David Gerard Hutchens: Thank you, and good morning, everyone. Today, we are pleased to report another great quarter. With capital expenditures of almost $3 billion during the first half of the year, we are executing on our core objective of delivering safe and reliable energy to our customers. Financially, we delivered second quarter earnings per share of $0.76 a $0.09 increase over the same period last year. During the quarter, we also made progress on the regulatory front. Notably, Tucson Electric Power filed its general rate application, and Central Hudson reached a multiyear rate settlement agreement on its general rate application. Jocelyn will speak to these regulatory developments in more detail shortly. In Arizona, TEP’s retail load growth opportunity advanced with an important milestone reach for a planned data center development.
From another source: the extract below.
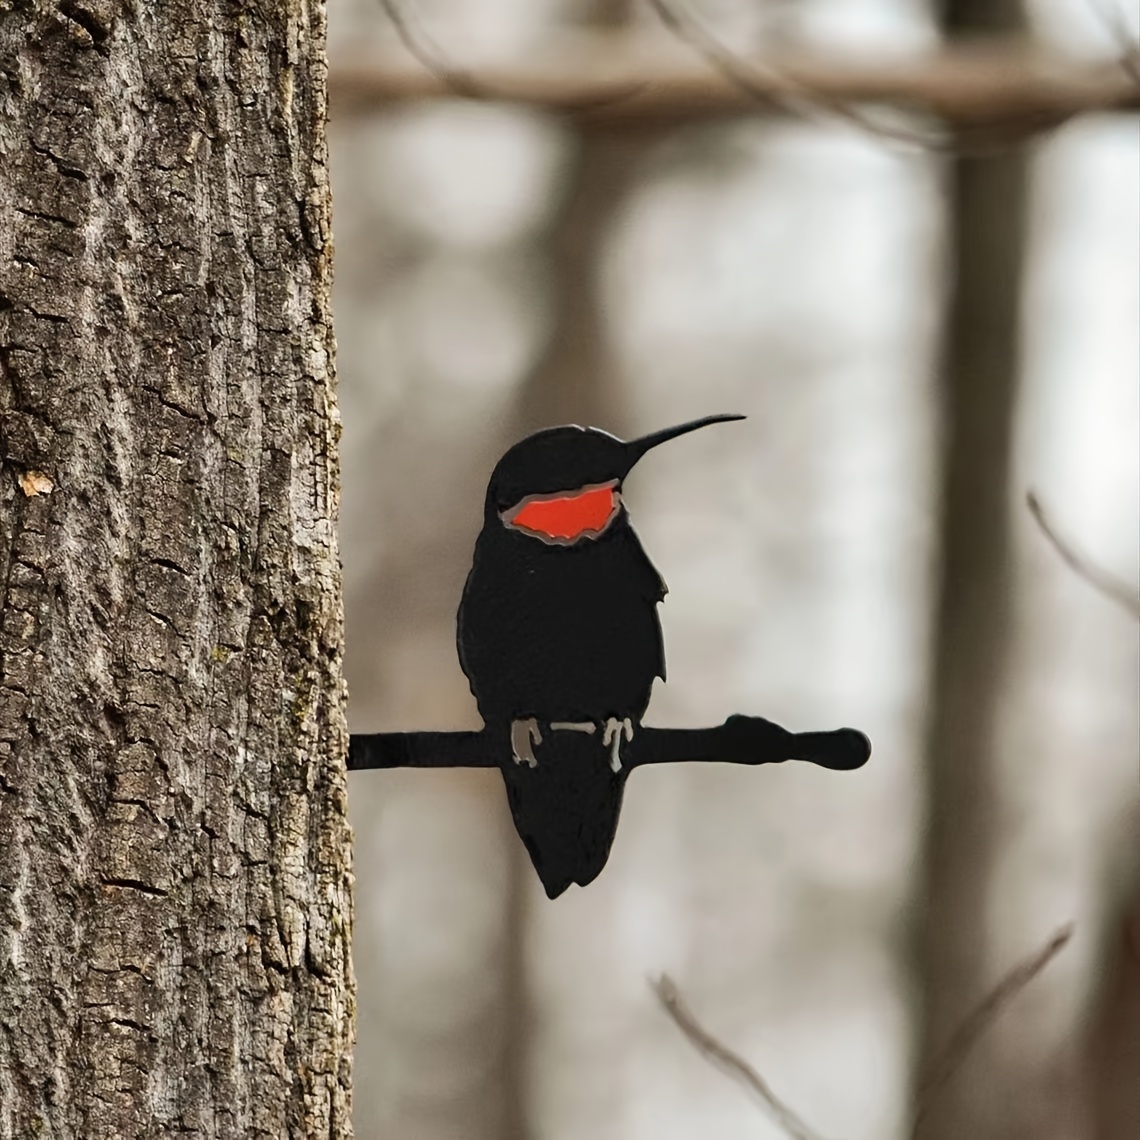 

1pc, Metallic Creative Black Silhouette Hummingbird Outdoor Courtyard Garden Wooden Stake Plug-in Ornament
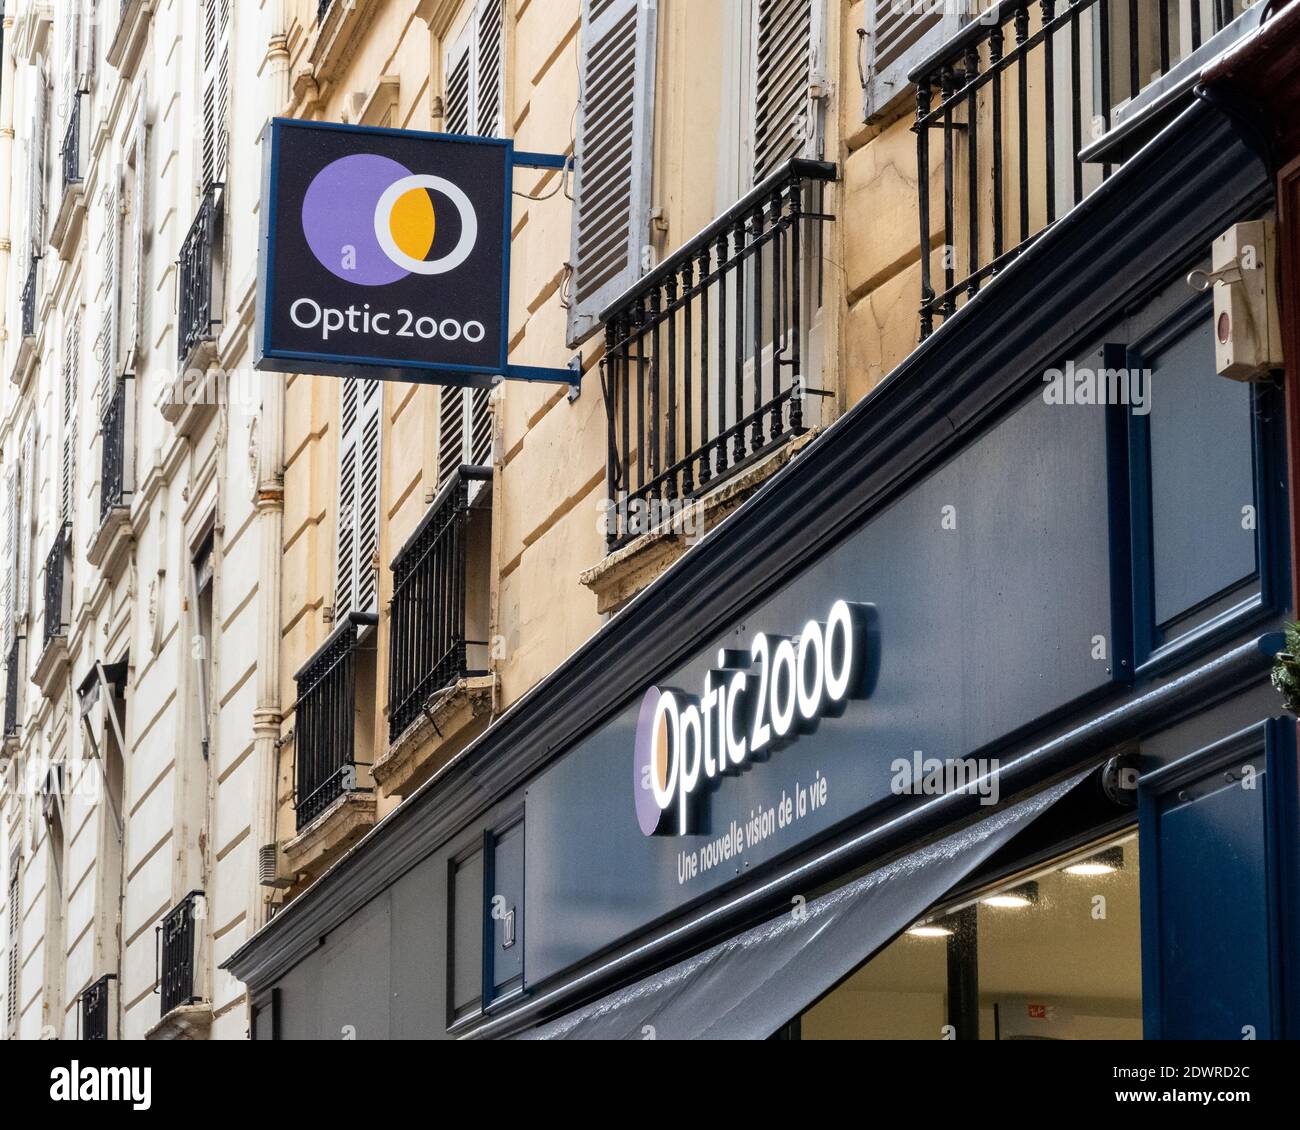 Optic 2000 shop in Bayonne, France Stock Photo

And today, we released our 2025 sustainability update report, highlighting our consistent progress to deliver cleaner energy to our customers. Through 2024, we have achieved a 34% reduction in Scope 1 greenhouse gas emissions when compared to 2019 levels. In July, the first phase of the Roadrunner Reserve Battery Storage Project was placed in service at TEP. The 200-megawatt energy storage system will facilitate the integration of renewable energy onto the electric grid with the capability to store 800-megawatt hours of energy. This project was part of the $2.9 billion that we invested in the first half of the year. Given this progress, both our annual and 5- year capital plans are on track. We are well positioned to deliver on our growth strategy with rate base expected to increase by approximately $14 billion to $53 billion in 2029.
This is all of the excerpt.